Do you think BSNL 3G can give me better speed than "Reliance NetConnect Broadband+" in Bangalore? I'll be surfing data heavy webpages (like youtube etc.) and want a smooth playback of videos. 

As you are also from Bangalore, what do you think about BSNL's coverage around Innovative Multiplex?

SB.


----------



## Zangetsu (Nov 17, 2010)

@subratabera: I m using Tata Photon+ in Mumbai...i dnt knw abt bangalore & kolkata...
u can go for a demo of both reliance & tata & choose which satisfies ur need.....

BSNL I never tried......


----------



## gagan007 (Nov 17, 2010)

Hi Subrata-I have found 3G signals near Innovative Multiplex (actually I work in Eco Space  ) so you should be good to go. But let me tell you that at places which are out of reach of a 3G tower you will get EDGE i.e. 144kbps as against 2Mbps under the full 3G signals.

For this thread I did some research and found that Reliance is better in these terms as compared to BSNL as it will give you a constant and decent speed of 3.1 Mbps. One of my friends is using it and is completely happy with speed. Negatives with BSNL is 3G coverage is not uniform and not everywhere. 

So to remove any confusions, I would say go for Reliance Netconnect Broadband+


----------



## asingh (Nov 17, 2010)

I use Tata Photo+ as a secondary emergency net connection and have tried Reliance too.
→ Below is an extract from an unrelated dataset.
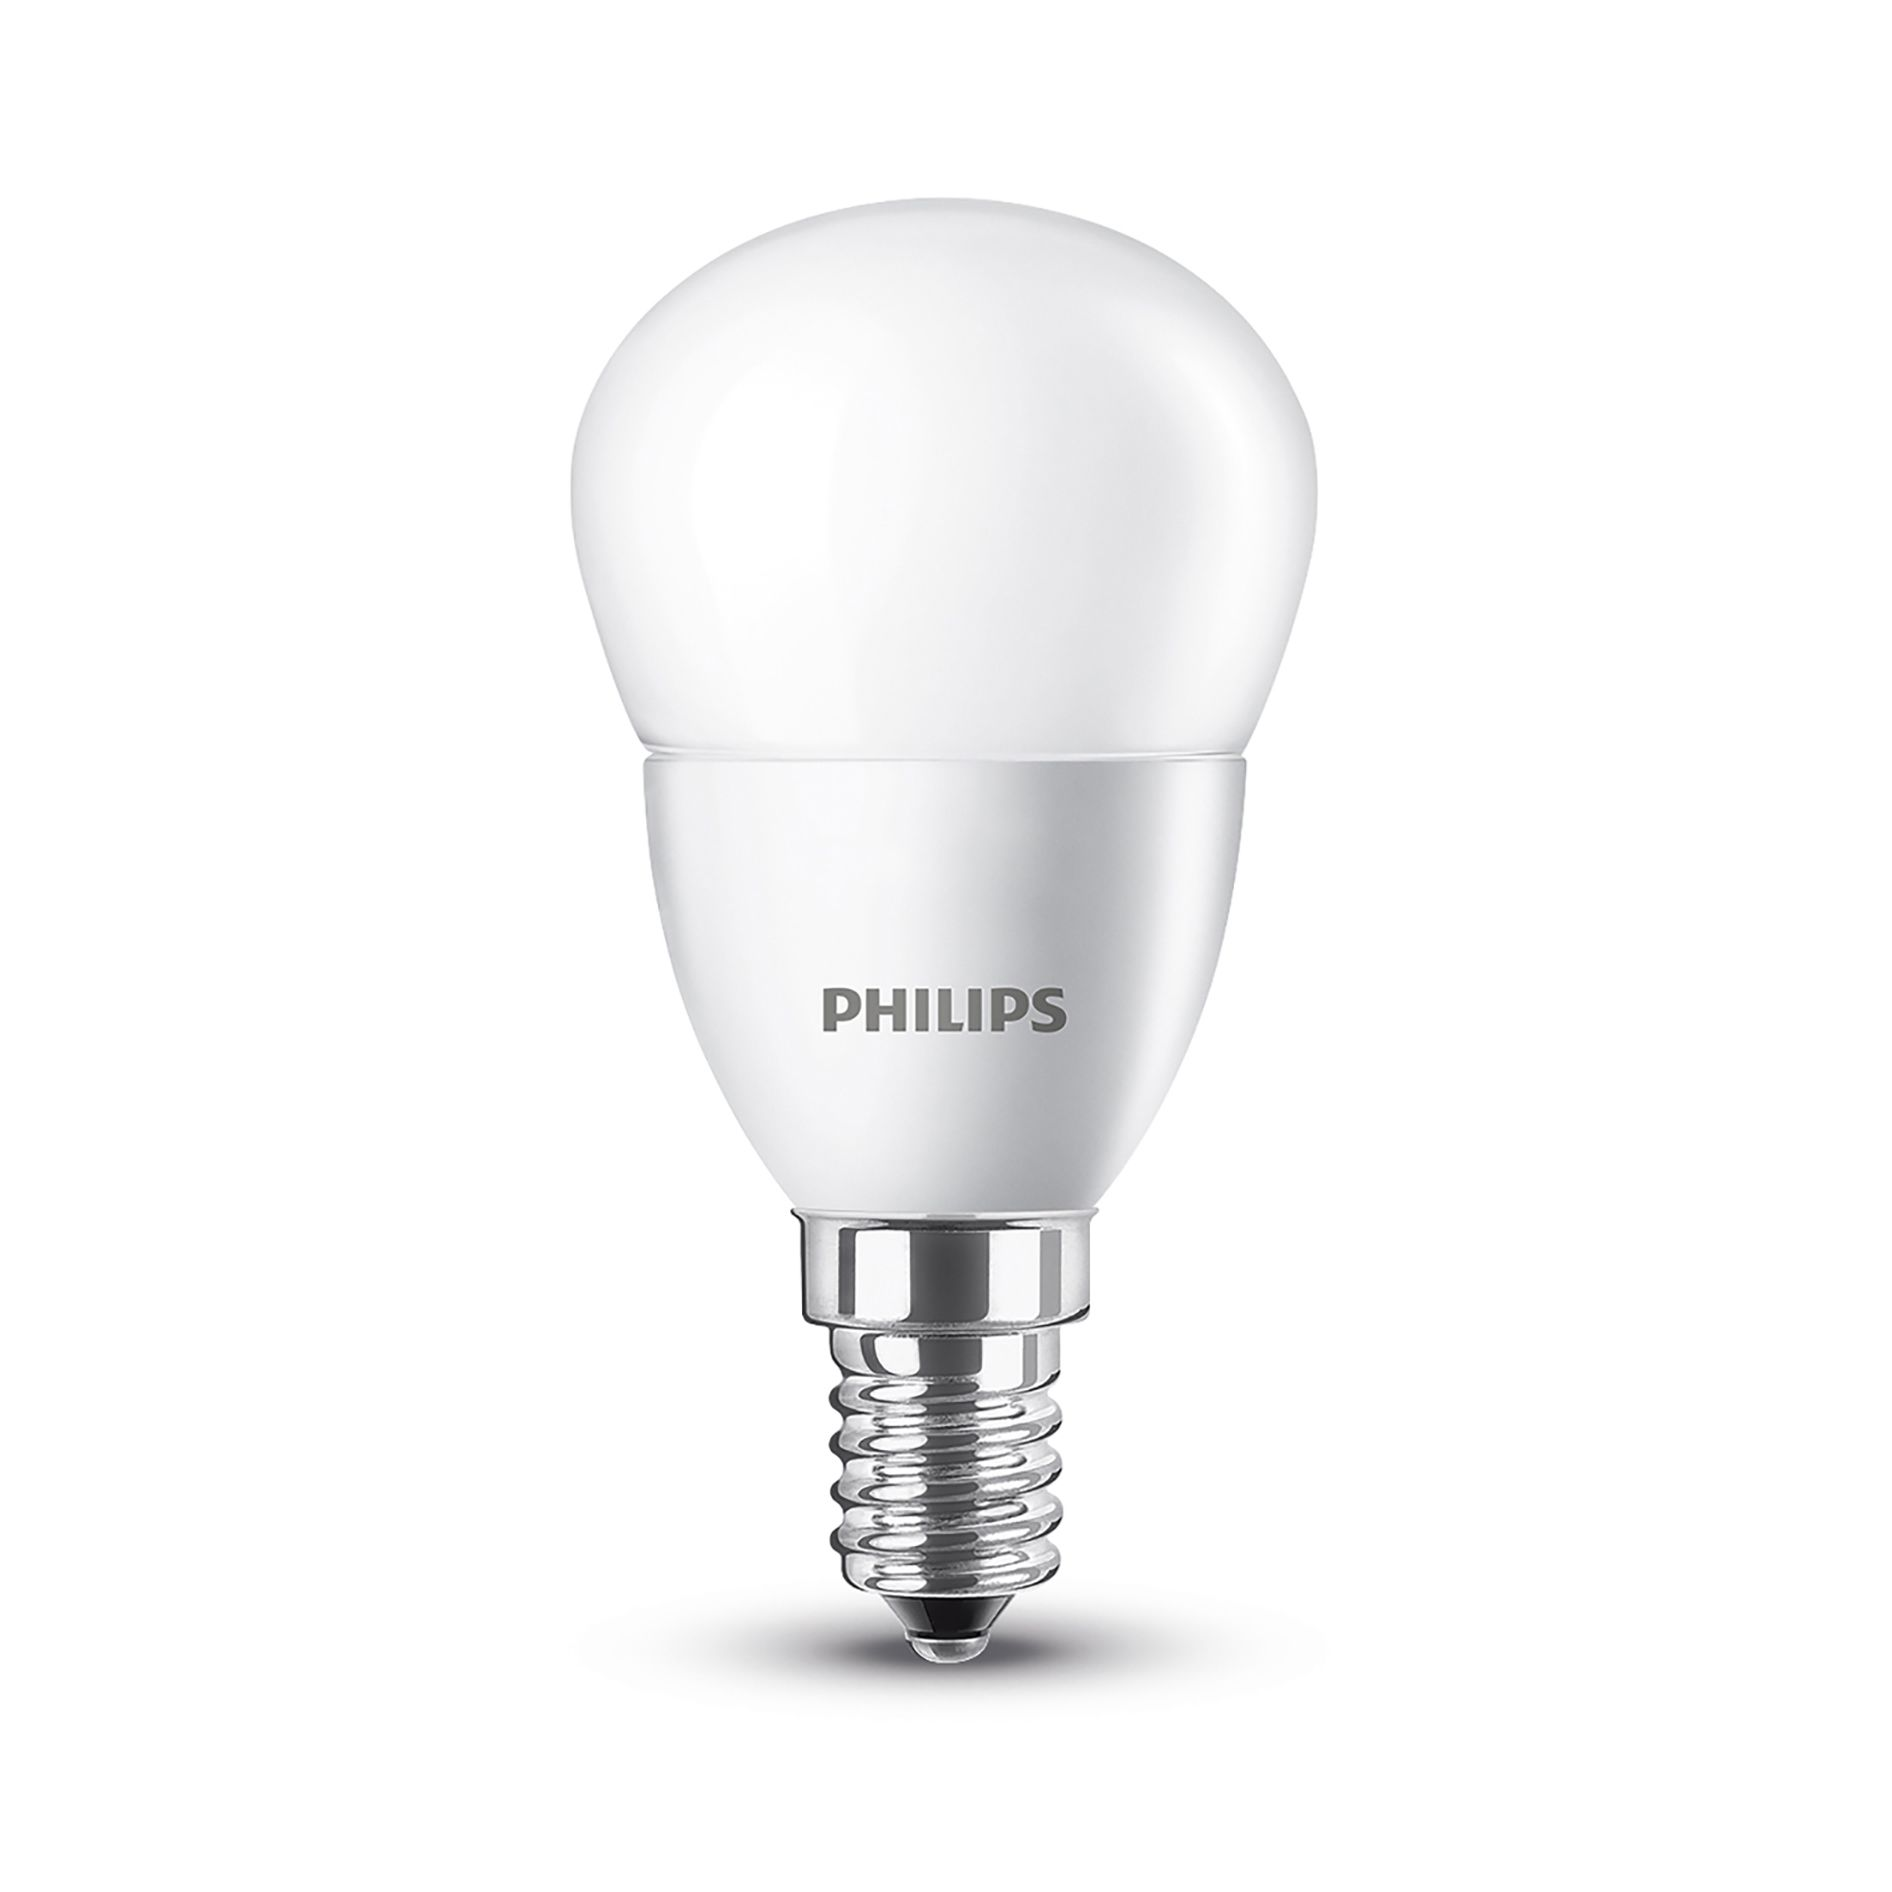 Philips E14 470lm Led Ball Light Bulb

I think Reliance is better. TP+ has this habit to time out, or suddenly 'choke' (stop rendering pages) and then 'throw up' (suddenly show all the pages rendered). Weird, but highly irritating.


----------



## Tenida (Nov 17, 2010)

Yes i am also using Relience netconnect in kolkata, it giving me a good service.Its speed is also good in village near Burdwan, west bengal.In village it giving me 15 kb/sec and in kolkata it gives near 60kb/sec.


----------



## ico (Nov 17, 2010)

BSNL EVDO. It has good coverage in Bangalore surely, but can't say for Kolkata.
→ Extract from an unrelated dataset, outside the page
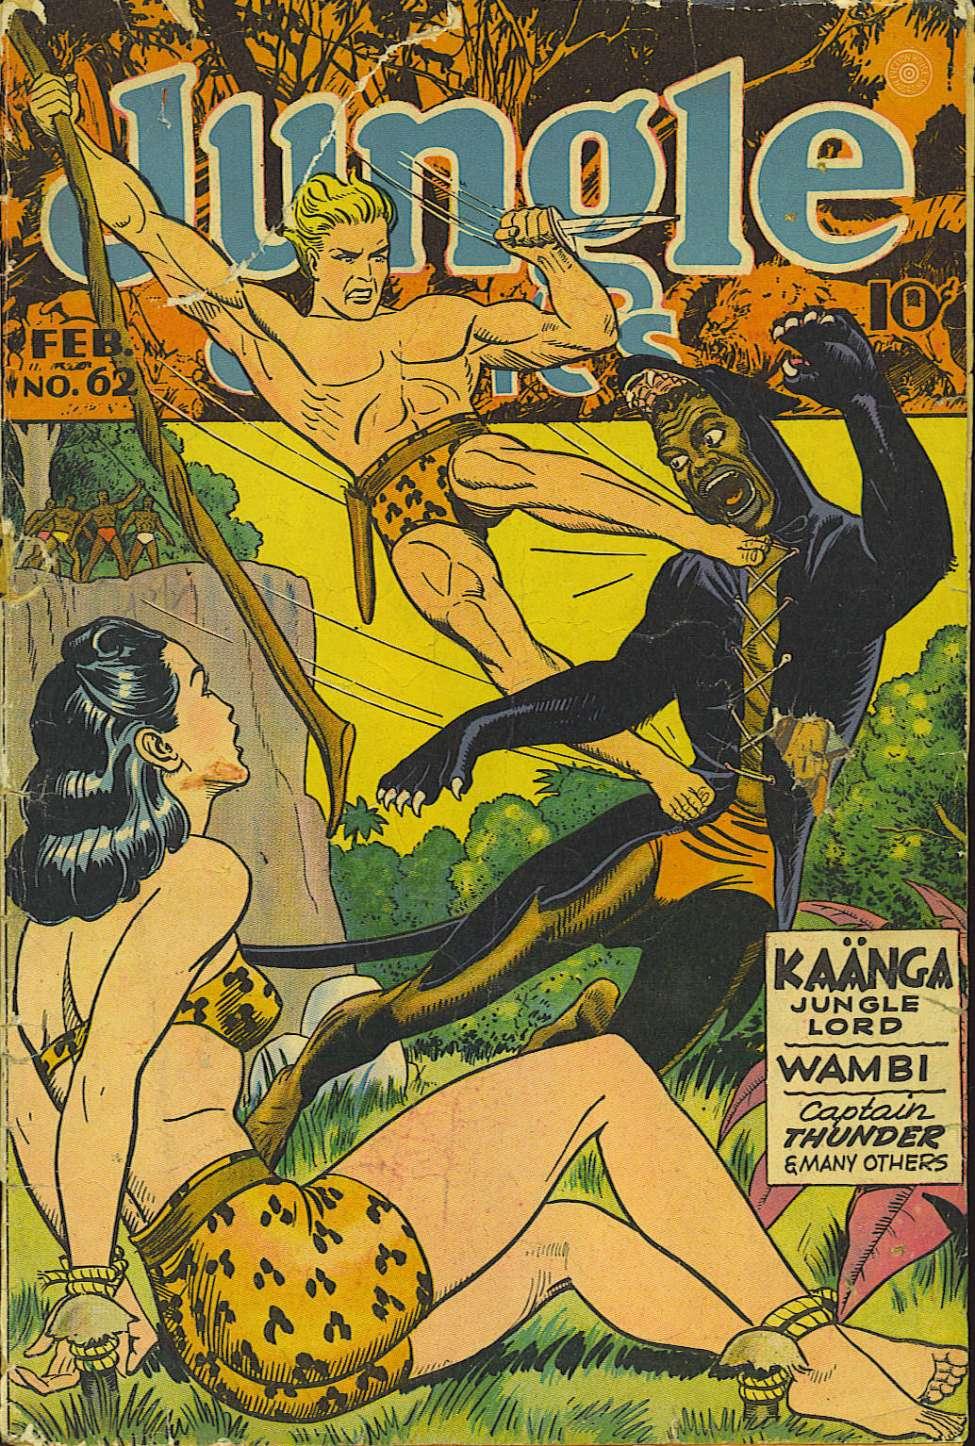 Comic Book Cover For Jungle Comics #62

Only Rs.750 per month for pure unlimited: .:BSNL EVDO:.


----------



## ssb1551 (Nov 17, 2010)

^^Wow!nice piece of info.Didn't know there was this service called as "EVDO" from BSNL.
But the webpage was very confusing with both NIC & EVDO details on the same page.
So inorder to get EVDO 1 must pay 500(activation charges)+2500(price of ICC card),am I right?n ofcourse monthly 750 for unlimited plan!!


----------



## subratabera (Nov 18, 2010)

Thanks everyone for all your suggestions. Looks like Reliance Broadband+ is winning the race. I need it for speed and I believe any 10+ GB plan will be sufficient for my requirements as I am already having a BSNL landline unlimited broadband connection which is quite slow (512Kbps) and can be used for unattended downloads.

I am not very positive about BSNL wireless services. 

After a little inquiry I found that Reliance is having a nice plan, 10GB (850/-) + 10GB (night) (250/-). So I think I should go for Reliance. 

SB.


----------



## gagan007 (Nov 18, 2010)

great decision.go for it mate


----------



## subratabera (Nov 18, 2010)

Thanks Gagan! ... Finally bought it today ... still not activated ... but hoping for a great experience ...


----------



## Tenida (Nov 18, 2010)

Congrats.After getting activated please mention the download and upload speed of your usb modem.


----------



## dsmarty (Nov 19, 2010)

subratabera said:


> Thanks everyone for all your suggestions. Looks like Reliance Broadband+ is winning the race. I need it for speed and I believe any 10+ GB plan will be sufficient for my requirements as I am already having a BSNL landline unlimited broadband connection which is quite slow (512Kbps) and can be used for unattended downloads.
> 
> I am not very positive about BSNL wireless services.
> 
> ...



BSNL providing unlimited 3G in 4200/- for 6 month means 700/- per month.  I'm getting 350-550kbps downloading speed with 7.2mbps HSDPA device.


----------



## gagan007 (Nov 19, 2010)

yeah that true dsmarty. but question is what about those places where there is no 3G coverage? Mind you BSNL 3G coverage is not uniform yet.
with reliance there is a guarantee that you will get uninterrupted service


----------